What you may not know about amethysts is that the Ancient Greeks believed these stunning gems could prevent drunkeness! In fact, the name amethyst comes from the Greek word amethystos which loosely translates as not drunk. Because of this, the Greeks often drank wine from amethyst cups and goblets in the hope it would save them from intoxication!
Other cultures have had very different beliefs about amethysts. In the Middle Ages, the purple hue of the gem led to it being considered a symbol of royalty. It was often used to decorate English regalia belonging to the aristocracy. Alternatively, Tibetans believed amethyst was sacred to Buddha and it is still used today for carving prayer beads.
Worn best with…
Amethysts are a semi-precious gem perfect for every day wear. They look wonderful paired with other bright tones or are ideal for adding a flash of colour to an otherwise monochromatic look. For a super stylish outfit, we recommend pairing your amethysts with a soft grey sweater.
Best suited to…
Amethyst is a versatile gem that’s well suited to both silver and gold. Interestingly, the type of precious metal amethysts are paired with have a big impact on the appearance of the gem.
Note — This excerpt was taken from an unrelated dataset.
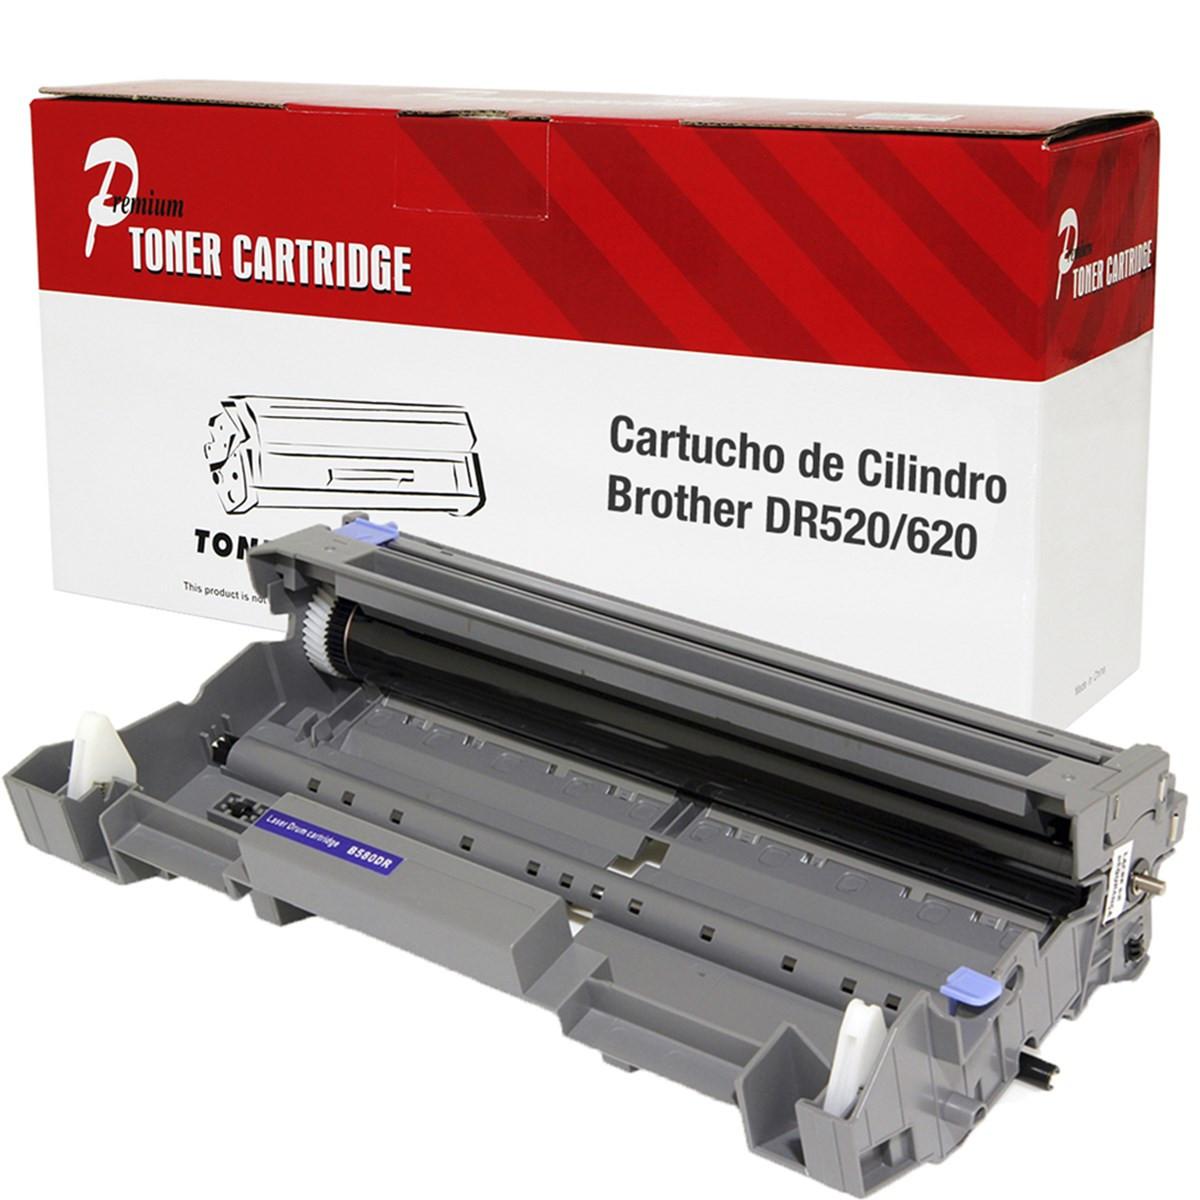 Cartucho de Cilindro Brother DR620 DR 620 para TN650 TN 650 | 8080 | 8085 Compatível Premium

When paired with silver the purple can look very cool, but when worn with gold it can appear a much warmer hue.
The Kent Amethysts form part of the crown jewels. The set includes a necklace, earrings, three brooches and a set of hair combs. You may have noticed that something is missing… in fact this is a rare example of a royal jewellery set that doesn’t include a tiara. The Kent Amethysts are sometimes worn at state events by the queen. It was last worn together in public on a state visit to Portugal in 1984.
The Tavistock Amethysts are thought to be some of the most beautiful amethysts of all. The set is owned by an aristocratic British family and was set into a tiara in around 1870. The Marquess of Tavistock Tiara includes the famous amethyst gems as well as stunning diamond leaves.